Detecting AI-Generated Sentences in Human-AI Collaborative Hybrid Texts: Challenges, Strategies, and Insights
Detecting AI-Generated Sentences in Human-AI Collaborative Hybrid Texts: Challenges, Strategies, and Insights
Zijie Zeng, Shiqi Liu, Lele Sha, Zhuang Li, Kaixun Yang, Sannyuya Liu, Dragan Gasevic, Guangliang Chen
Proceedings of the Thirty-Third International Joint Conference on Artificial Intelligence
AI for Good. Pages 7545-7553.
https://doi.org/10.24963/ijcai.2024/835
This study explores the challenge of sentence-level AI-generated text detection within human-AI collaborative hybrid texts (abbreviated as hybrid texts). Existing studies of AI-generated text detection for hybrid texts often rely on synthetic datasets.
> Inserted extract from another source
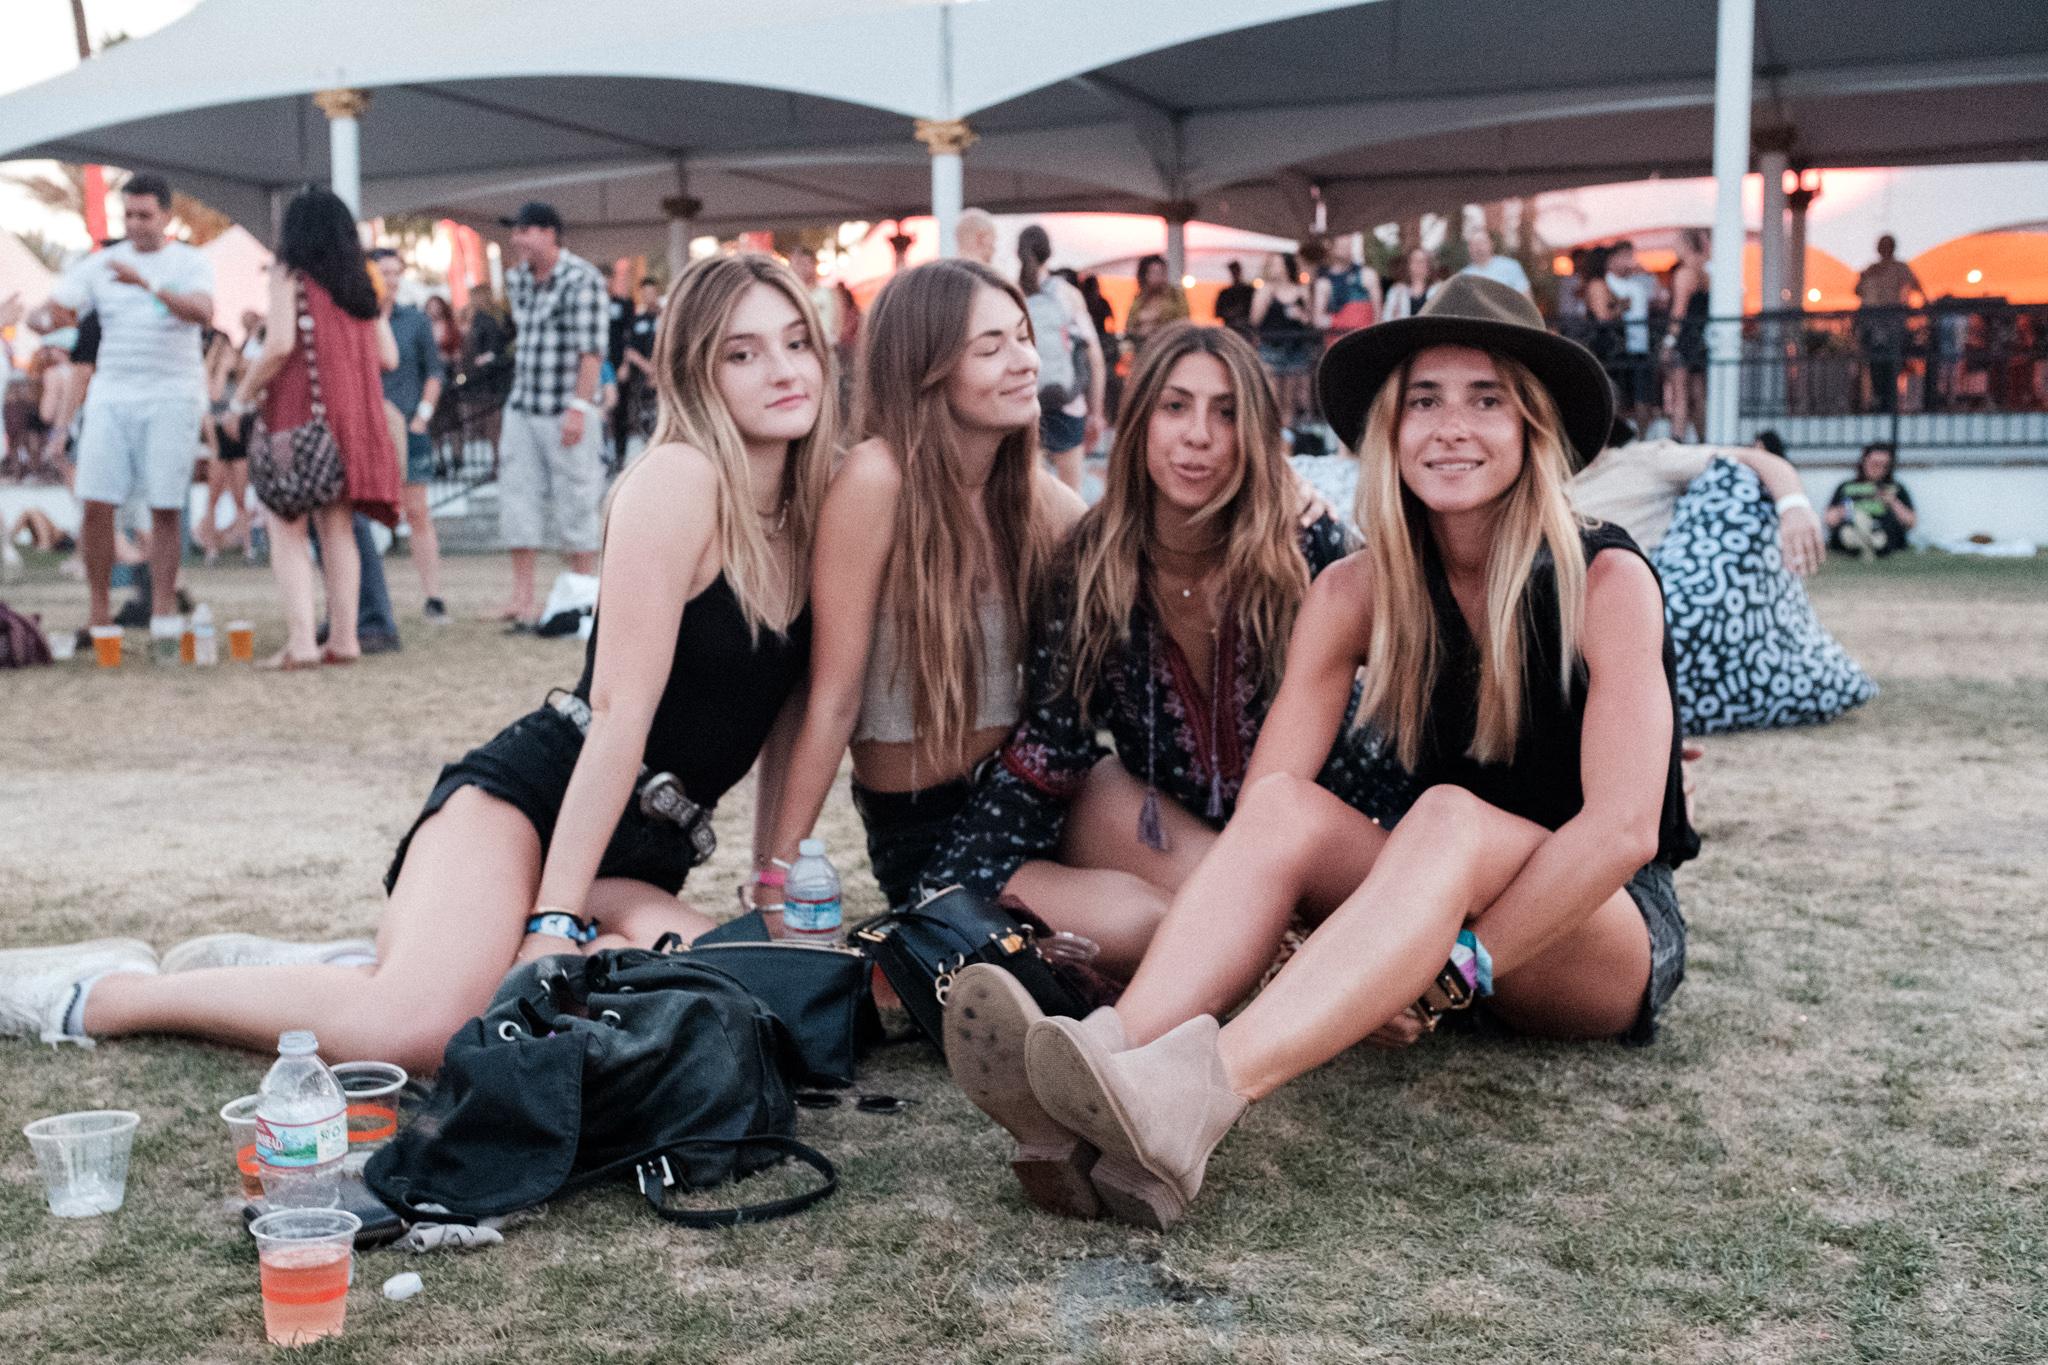 170423 Coachella 17 w2 2101.jpg

These typically involve hybrid texts with a limited number of boundaries, e.g., single-boundary hybrid texts that begin with human-written content and end with machine-generated continuations. We contend that studies of detecting AI-generated content within hybrid texts should cover different types of hybrid texts generated in realistic settings to better inform real-world applications. Therefore, our study utilizes the CoAuthor dataset, which includes diverse, realistic hybrid texts generated through the collaboration between human writers and an intelligent writing system in multi-turn interactions. We adopt a two-step, segmentation-based pipeline: (i) detect segments within a given hybrid text where each segment contains sentences of consistent authorship, and (ii) classify the authorship of each identified segment. Our empirical findings highlight (1) detecting AI-generated sentences in hybrid texts is overall a challenging task because (1.1) human writers' selecting and even editing AI-generated sentences based on personal preferences adds difficulty in identifying the authorship of segments; (1.2) the frequent change of authorship between neighboring sentences within the hybrid text creates difficulties for segment detectors in identifying authorship-consistent segments; (1.3) the short length of text segments within hybrid texts provides limited stylistic cues for reliable authorship determination; (2) before embarking on the detection process, it is beneficial to assess the average length of segments within the hybrid text. This assessment aids in deciding whether (2.1) to employ a text segmentation-based strategy for hybrid texts with longer segments, or (2.2) to adopt a direct sentence-by-sentence classification strategy for those with shorter segments.
Keywords:
Natural Language Processing: General
Humans and AI: General